Moolah Beach is a reality show in the vein of Survivor, but with teenagers competing in competitions in order to not be exiled from the beach and ultimately win $25,000. It aired on Fox Kids as a 30-minute show and Fox Family (later shown on ABC Family) as an extended 60-minute show in the late summer/early fall of 2001 for 6 episodes (the entire series was then rerun), with J.D. Roth serving as both host and producer. The show was filmed on Pilaa Beach near Hanalei on the island of Kauai's North Shore.

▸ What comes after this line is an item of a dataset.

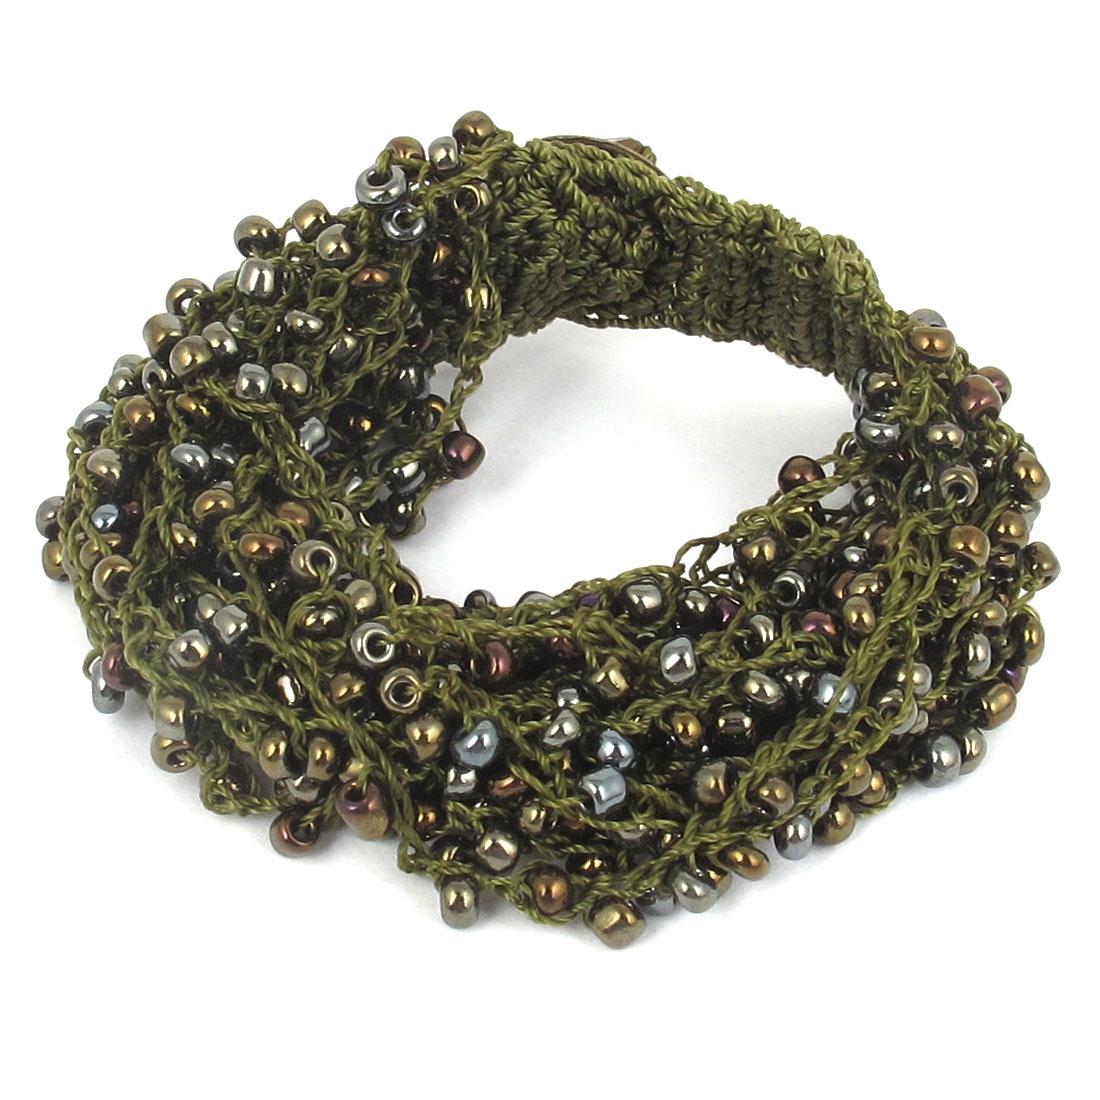 Women National Style Plastic Beaded Multi-layer Buttoned Bangle Bracelet Olive Green

At the conclusion of the second cycle, a half-hour Moolah Beach: The Reunion special was aired, in which the contestants discussed what they had been doing since the series ended, as well as fielding questions from audience members. At the end of the program, Roth stated that a new season of Moolah Beach would be airing in the summer of 2002, but that never materialized. The format of the show was later reworked into the Discovery Kids series Endurance.

==Contestants==
The 12 contestants were divided up into the following 6 teams:

| Team | Boy | Hometown | Girl | Hometown | Eliminated |
|---|---|---|---|---|---|
| Blue | Xavier Yepez | Westchester, IL | Chasati Allen | Dolton, IL | 6th |
| Orange | Jacob Capito | Fort Wayne, IN | Chloë Levenson | New York, NY | 5th |
| Yellow | A.J. Johnson | Winter Haven, FL | Brittany Harris | Cocoa Beach, FL | 4th |
| Red | Drew Luna | Lake Mary, FL | Nancy Diaz | Ocala, FL | 3rd |
| Green | Kyle Searles | Frisco, TX | Shari Lee | Bowie, MD | 2nd |
| Purple | Clark Harrison | Schaumburg, IL | Summer Borden | Rowlett, TX | Winners |

==Show format==

===Beginning===
At the beginning of the game, the 12 kids were paired off into six teams of 2 (each composed of one male and one female), determined by a challenge in which the winner got the partner of their choice. At this point, J.D. presented the "Idol Village" which was composed of 13 idols, each one representing one of the gods of Hawaii. Inside one of the idols was the $25,000 grand prize.

===Missions===
Like on Endurance, there were two type of challenges: Makahiki Missions and Kahuna Missions.

====Makahiki Missions====
Makahiki Missions were usually based on physical strength/endurance. The team that won the challenges won the right to claim 2 of the idols in the game that had not yet been chosen. In addition, they also gained a clue that hints at an idol that did NOT have the grand prize. There were 4 clues in all.

====Kahuna Missions====
In Kahuna Missions, the six teams competed in a game of skill to win offerings (colored markers) that would help to keep them on the beach. The first team to finish this game earned 10 offerings to the Great Kahuna, the second-place team earned 5, and each team after that received one fewer than the team preceding it.

===Great Kahuna===
The night after a Kahuna Mission, the teams visited The Great Kahuna and brought the offerings they won. Once the offerings were given to The Great Kahuna, the offerings were shuffled and one was drawn. If a team's offering was drawn, that team remained in the game, and their remaining offerings were removed from the Great Kahuna. This process was repeated until one team remained, and they were eliminated from the game. If the eliminated team owned any of the 13 idols in the village, they chose which team would inherit their idols.

===Finale===
Once the 13 idols were split between the final two teams, J.D. offered the team that owned the majority of the idols a bribe to give up some of their idols to the other team. He added more prizes to the bribe until either 5 prizes were offered or the leading team accepted. If the leading team flat out refused, the trailing team was given the same offer of the prizes the leading team turned down, possibly adding even more prizes to the bribe, and having to give up fewer idols, since that team were trailing. The team that accepted the bribe kept the prizes even if they did not win the $25,000, and the prizes in the bribe were more expensive as more prizes were added.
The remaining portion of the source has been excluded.